The ability to interrogate and make decisions based on consumer data from social media is a key 2013 priority for European bankers according to a survey from the European Financial Management Association (Efma) and the Fair Isaac Corporation (Fico). The survey of credit risk professionals from 27 European countries found that analysing these data to better understand consumer needs was a priority for 54% of respondents.

The results show the growing importance of social data sets in the already data-rich world of financial services. The  industry is currently in a very risk-averse period, meaning that companies are looking for credit growth primarily among those people that they have the most data on - their customers.

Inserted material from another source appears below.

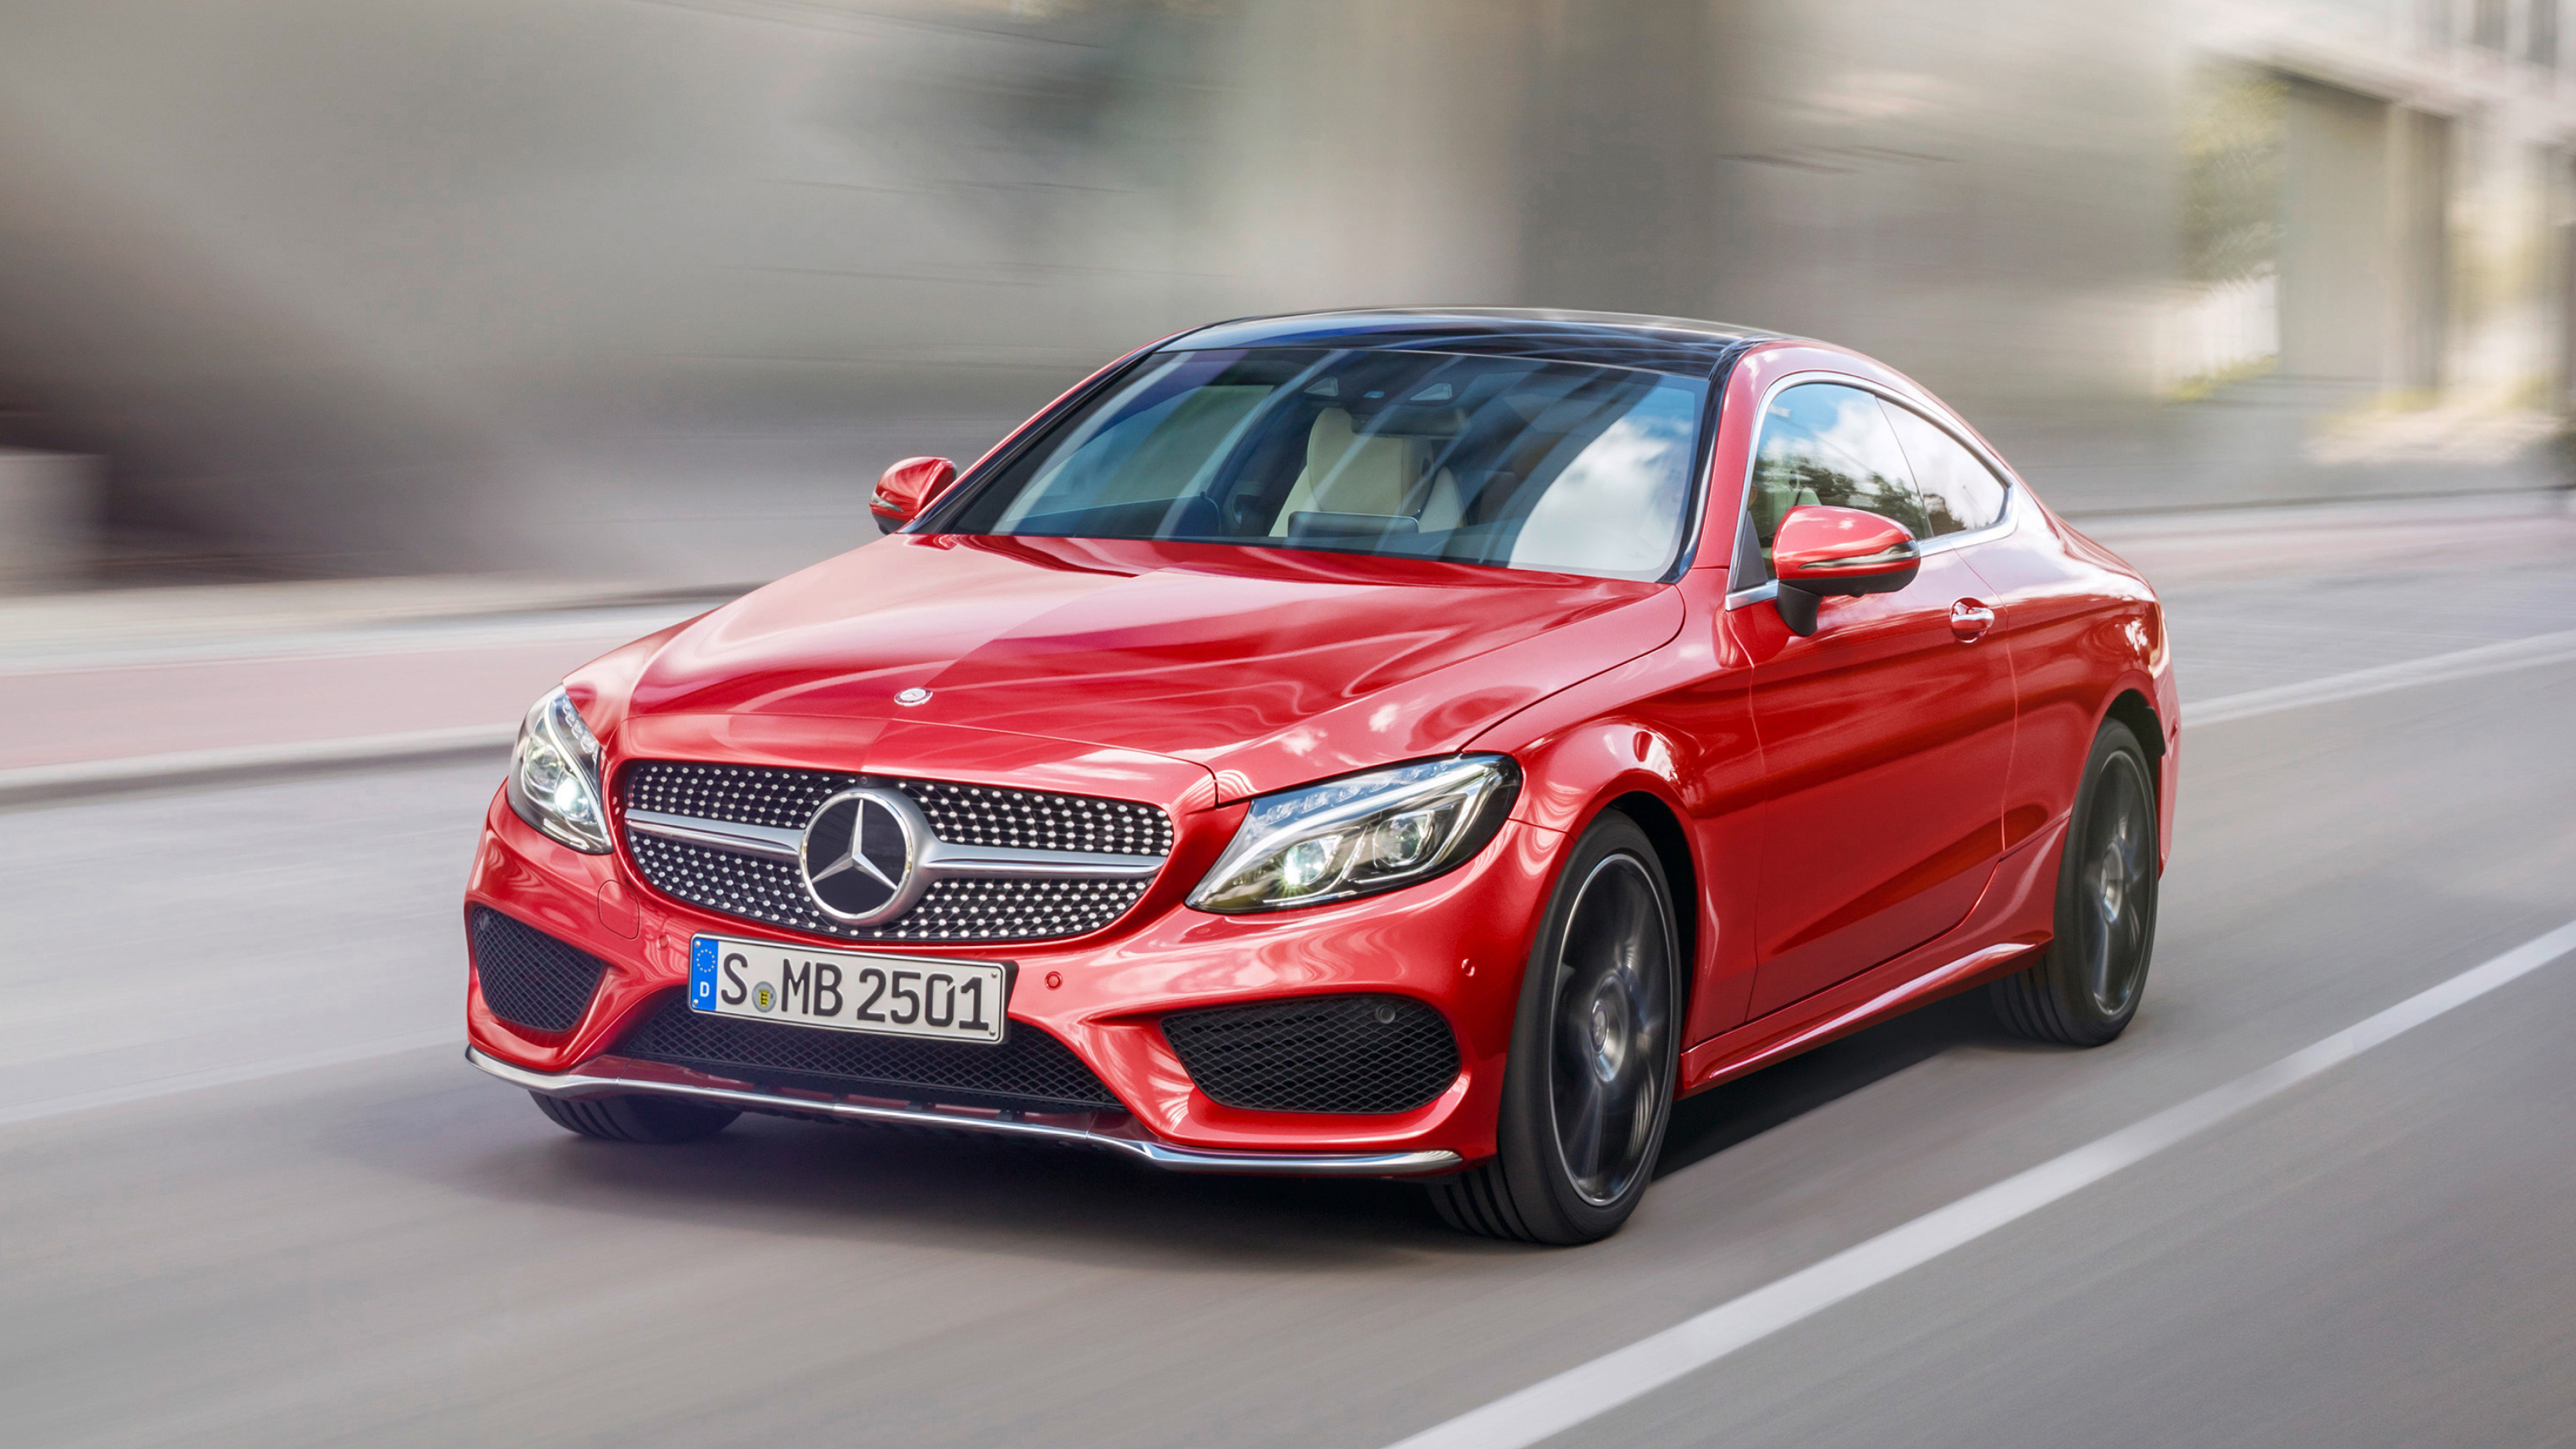 Mercedes-Benz C-Class, Coupe cars, Stunning aesthetics, Ultra HD visuals, 3840x2160 4K Desktop

However focusing just on your existing customers will not help you to win in the current market as customers are risk-averse too in the current economic climate - they will look for the best product for them and move banks to get what they see as a better offer.

This is where the respondents see the role of social media. Analysing data from these sources can help them to better:

  • understand consumer needs
  • predict the products and services that will see most demand
  • identify where they might find valuable new customers

In the current market, the financial services brand that most effectively integrates these social data sources alongside their existing rich data sets has the potential for a real competitive advantage. The ability to predict and tailor products and services that will attract profitable consumers.

Of course getting there will involve work, as with any activities looking to interrogate and learn from social data you first need to understand what data you have (from your own proprietary data-sets and from social and public sources) and then to explore what you can learn from these. Only then can you consider how your business might benefit and the kinds of decisions you can inform.

That financial services firms rank understanding data as such a priority for 2013 shows the value that these firms are seeing from social media - not just as a means of communication but also to inform business and marketing strategies.

Can Nutmeg crack the financial services industry?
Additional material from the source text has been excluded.